The Big Guns of 2025: Who’s Leading the Way as the Season Winds Down

With just a few weeks left in the 2025 ECB Premier League season, the numbers tell a story of batters turning summer into a personal highlight reel and bowlers wrecking scorebooks up and down the country. The final stretch is here, but the leading names have already written themselves into club cricket folklore.

The Batting Heavyweights

Adam Jones (Sudbury CC, East Anglian League) has been relentless, piling up 1,369 runs at an average of 97.79. He’s been the engine of Sudbury’s campaign, striking at over 80 while showing consistency that borders on ridiculous. Breathing down his neck is Priyanshu Khanduri (Scunthorpe Town, Lincolnshire) with 1,362 runs at a scarcely believable average of 136.20. One mistake, and bowlers are paying dearly.

Behind them, Avishka Tharindu (Bracebridge Heath, Lincolnshire) has motored past 1,100 runs at a strike rate of 122.56 — runs scored at speed and plenty of them. Sam Evans (Leicester Ivanhoe, Leicestershire & Rutland) isn’t far behind either, topping 1,100 runs with a triple-figure average. With 12 players now past 1,000 runs it’s been a season of run gluts across the leagues.

Bowlers Running the Show

If you’re facing Mayank Mishra (Cleethorpes, Yorkshire South) in September, good luck. With 64 wickets at 11.28 apiece, he’s not just leading the wicket charts, he’s redefining them. His economy of exactly 3.00 is almost unfair.
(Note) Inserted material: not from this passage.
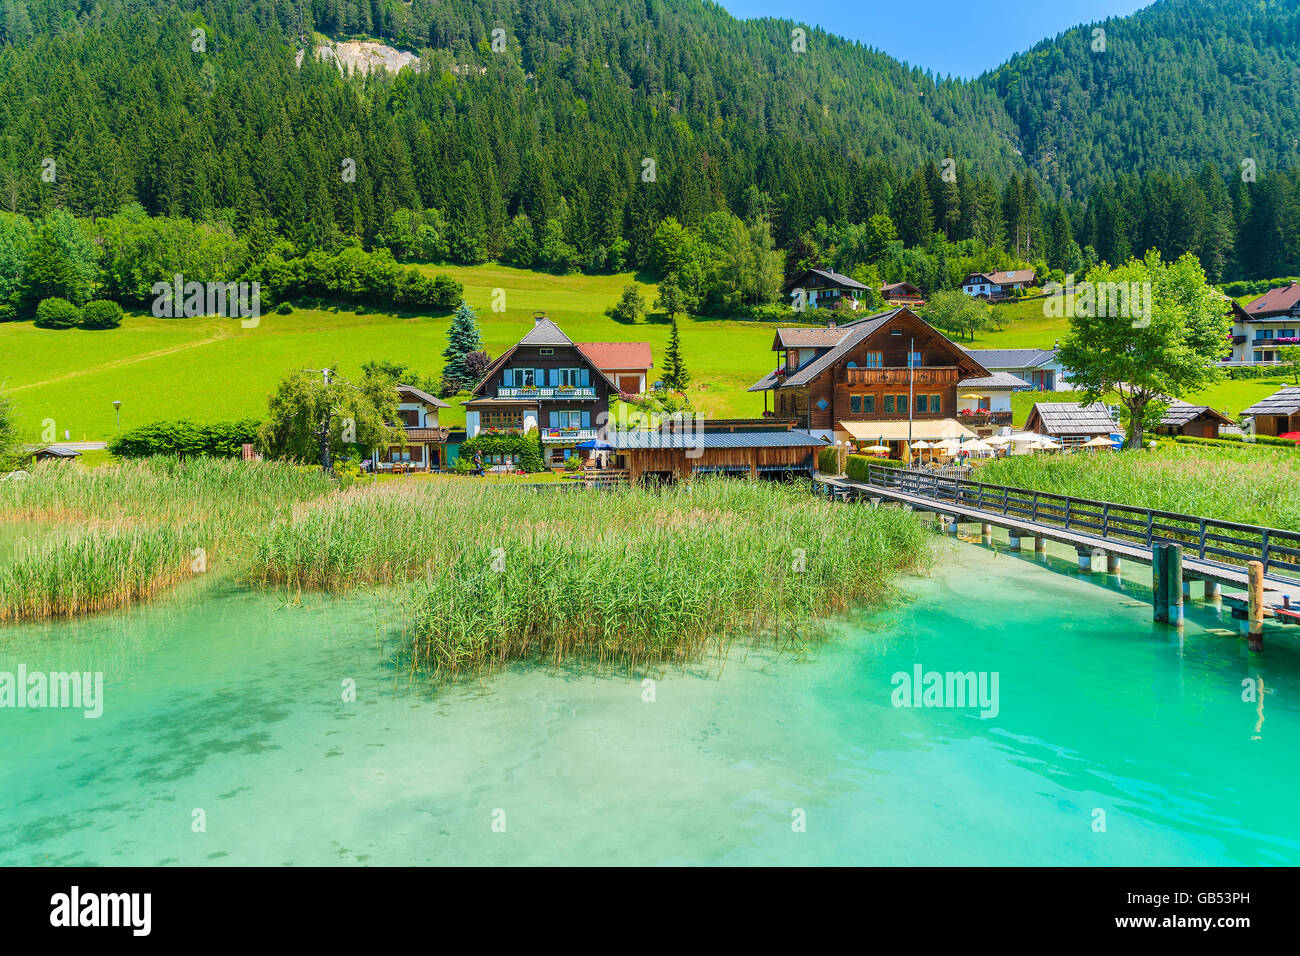 Maisons sur les rives du magnifique lac alpin Weissensee en été paysage de montagnes des Alpes, Autriche Banque D'Images

Chasing him hard is Khalid Usman (Rainhill, Liverpool & District) with 59 wickets, showing endurance across nearly 300 overs. Sachithra Perera (Newcastle & Hartshill, North Staffs & South Cheshire) has been the miser in chief: 58 wickets at just 9.34 each, conceding barely 3 an over. Ayabulela Gqamana (Paignton, Devon) and Ishan Abeysekara (Harrogate, Yorkshire North) both sit past the 50-mark, underlining how widespread the bowling talent has been.

The Patterns Emerging

Lincolnshire’s batters have been especially dominant, with Khanduri and Tharindu both topping the pile. Yorkshire’s leagues, meanwhile, are heavily represented in the bowling charts, with Mishra, Abeysekara and others showing how hard runs are to come by up north. And unsurprisingly, overseas pros feature prominently — a reminder of the quality and consistency they bring into league cricket every summer.

What Comes Next

With the season ticking down, a couple of questions remain. Can Jones or Khanduri push towards the magic 1,500-run barrier? And will Mishra become the first bowler this campaign to crack 70 wickets? Either way, the closing weeks promise drama, and the numbers already in the book will take some beating.

This has been the summer of the big guns. And if you’re a bowler lining up against Jones or Khanduri in September, or a batter strapping the pads with Mishra steaming in, one thing’s for sure: you’ll need more than luck to stop them.